Winnetou, Last Chief of the Mescalero Apaches and his friend Old Shatterhand; winnetou, pierre brice, lex barker, old shatterhand, schatz, silbersee, treasure, silver lake, apache, apaches, gold, warrior, battle, old shatterhand, renegades, unter geiern, vultures, frontier hellcat, desperado, trail, ölprinz, olprinz, rampage, wells, oil prince, old surehand, flaming frontier, halbblut, apanatschi, half-breed, old firehand, thunder, border, tal, toten, valley, death, schuh, manitu, manitou, shoe, mescalero, mescaleros, winnetous, rückkehr, return, spuren, harald reinl, ralf wolter, sam hawkens, stewart granger, rod cameron, terence hill, mario girotti, marie versini, nscho-tschi, dunja rajter, eddi arent, götz george, mescal people, tribe, new mexico, chief, subchief
Mescaleros (Spanish: 'mescal people', from their custom of eating mescal). An Apache tribe which formed a part of the Faraones and Vaqueros of different periods of the Spanish history of the southwest. Their principal range was between the Rio Grande and the Pecos in New Mexico, but it extended also into the Staked plains and southward into Coahuila, Mexico.
They were never regarded as so warlike as the Apache of Arizona, otherwise they were generally similar. Mooney (field notes, B. A. E., 1897) records the following divisions: Nataina, Tuetinini, Tsihlinainde, Guhlkainde and Tahuunde.
These bands intermarry, and each had its chief and subchief. The Guhlkainde are apparently identical with the "Cuelcajenne" of Orozco y Berra and others, who classed them as a division of the Llaneros; the "Natages" are probably the same as the Nataina rather than the Lipan or the Kiowa Apache, while the Tsihlinainde seem to be identifiable with the "Chilpaines." In addition Orozco y Berra gives the Lipillanes as a Llanero division.
The Mescaleros are now on a reservation of 474,240 acres in southern New Mexico, set apart for them in 1873. Population 460 in 1905, including about a score of Lipan, q. v.
Pierre Brice (born Baron Pierre Louis de Bris) is a French actor, mainly known to the audience for his role as Winnetou in German Karl May movies. With 19 he enlisted as volunteer to the French army and was fighting in the war at Indochina. From 1962 to 1968 Brice acted in, at all, eleven German western-movies after novels by German author Karl May, where he played the fictional red Indian Chief Winnetou of the Mescalero Apaches, aside to Lex Barker, Stewart Granger and Red Cameron as the white heroes. After the movies he also acted in this role at the open-air-theatre of Bad Segeberg, Germany, from 1988 to 1991. He stayed on till 1999 as director of several open-air theatre-productions (the open-air-theatre in Bad Segeberg is dedicated only to productions of Karl May-shows).

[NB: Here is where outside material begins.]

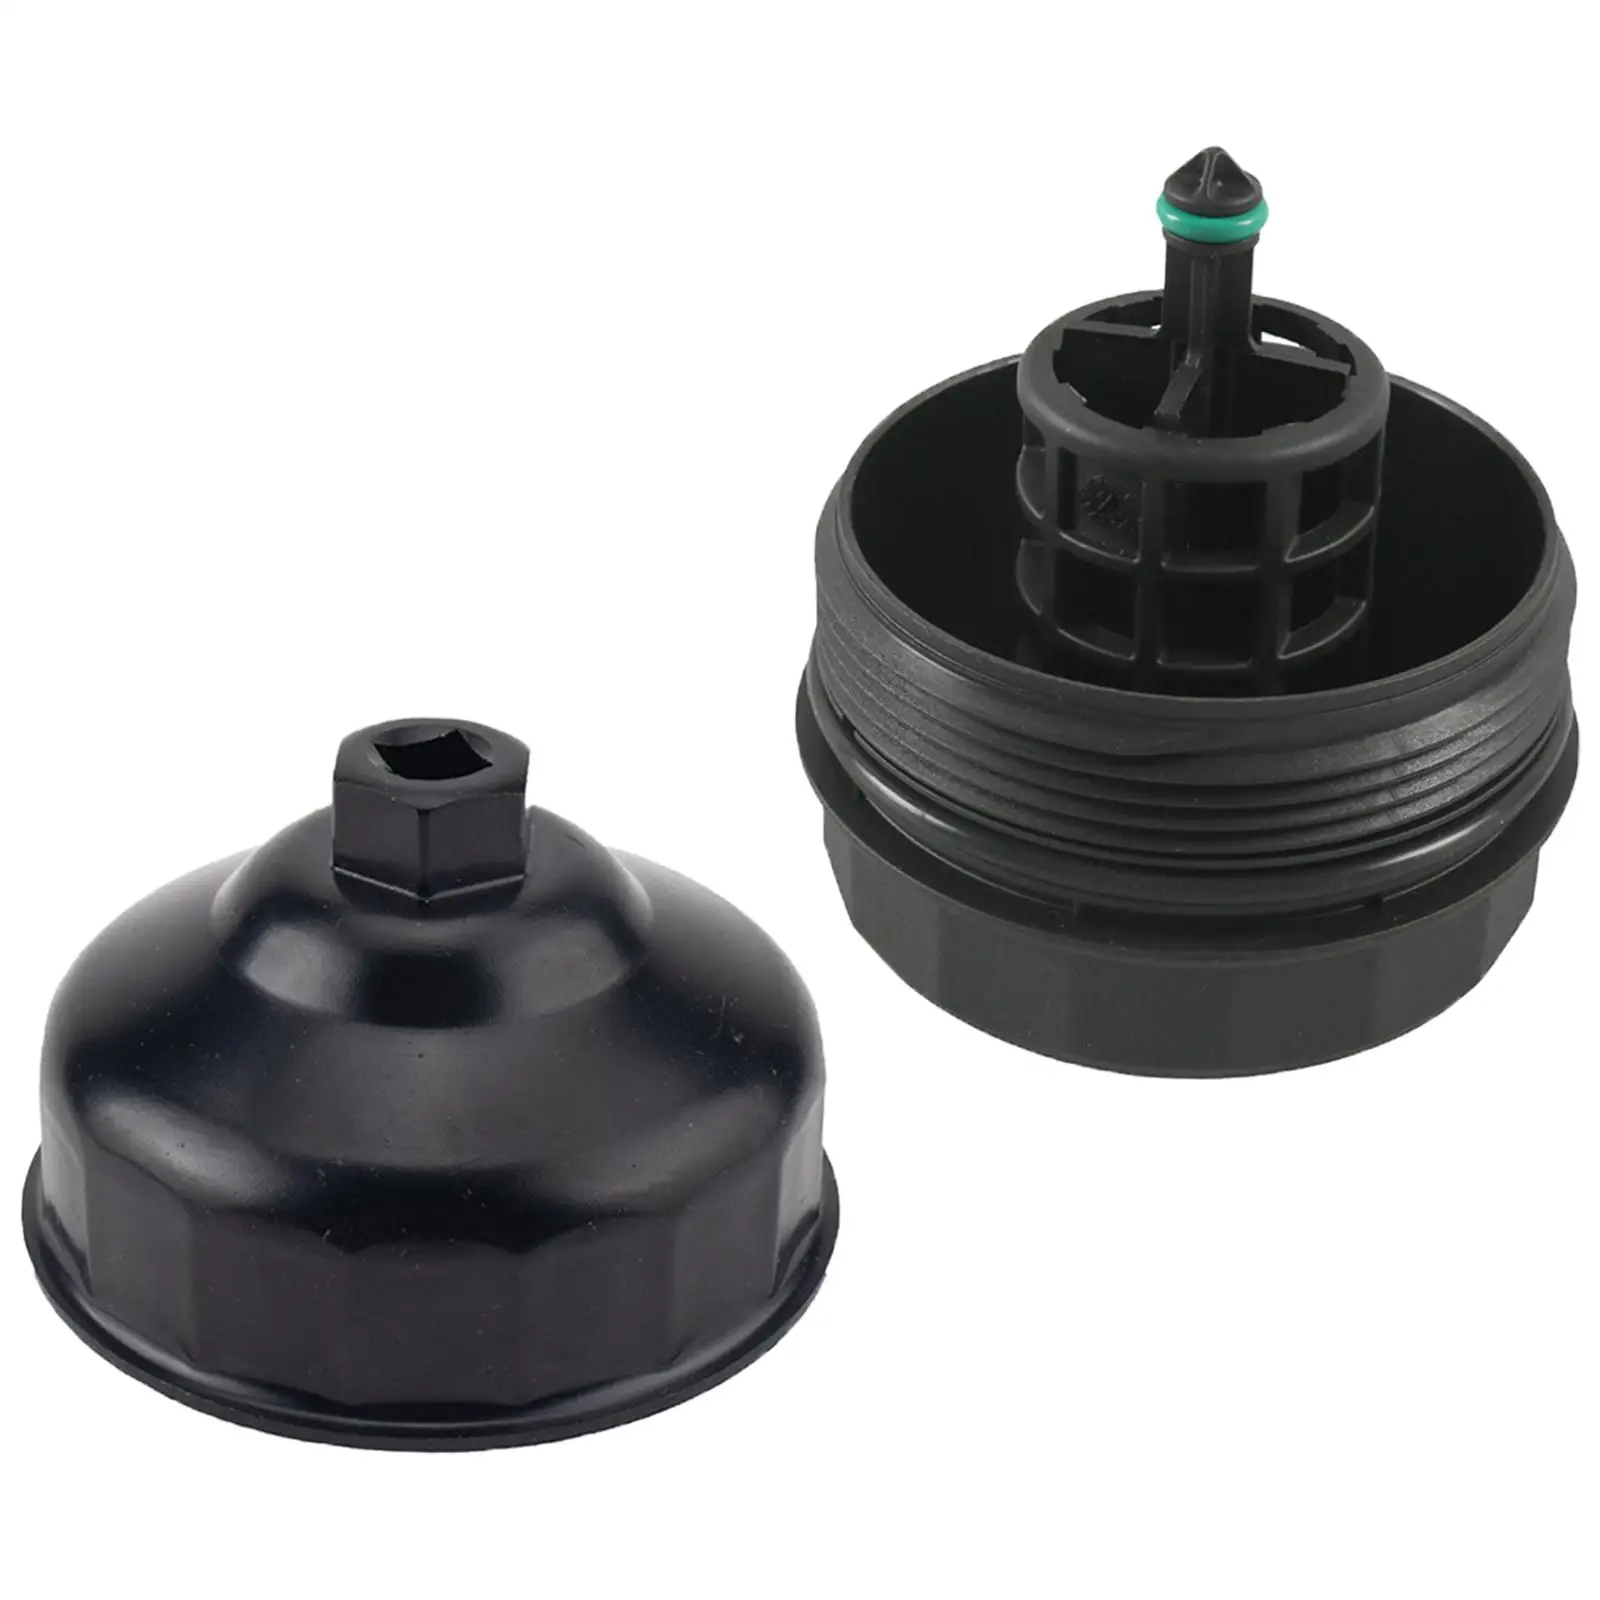 Oil Filter Housing Cover Caps, 11427525334 Replacement Fits for  x1 x3 x4 x5 x6

Besides the theatre-productions he was mainly to be seen in various TV-series, like "Ein Schloss am Wörthersee" (A Castle on the Woerthersee) or "Die Hütte am See" (The Shack at the Lake). In 1979 he was again playing Winnetou in a 14-part TV-series called "Mein Freund Winnetou" (My friend Winnetou - Winnetou le Mescalero), that did not originate in Karl May-material. In 1997 he again acted in a 2part-TV-miniseries "Winnetous Rückkehr" (The return of Winnetou), that earned devastating critics by the fans, as the Winnetou-character died in the movie Winnetou III and now suddenly returned to the living (of course, this one also didn't originate in a story by Karl May).
Pierre Brice tried to escape the Winnetou-character in several movies for the big screen, e.g. as Zorro in the Italian "Zorro contro Maciste" (1963). He also worked with Terence Hill (there still called Mario Girotti) in "Schüsse im Dreivierteltakt" (Shots in 3/4 Time, 1965), again with Lex Barker in a non-Karl May-movie "Die Hölle von Manitoba" (A Place Called Glory City, 1965), in "Gern hab' ich die Frauen gekillt" (Killer's Carnival, 1966) and the 1976 TV-series "Die Mädchen aus dem Weltraum" (Star Maidens).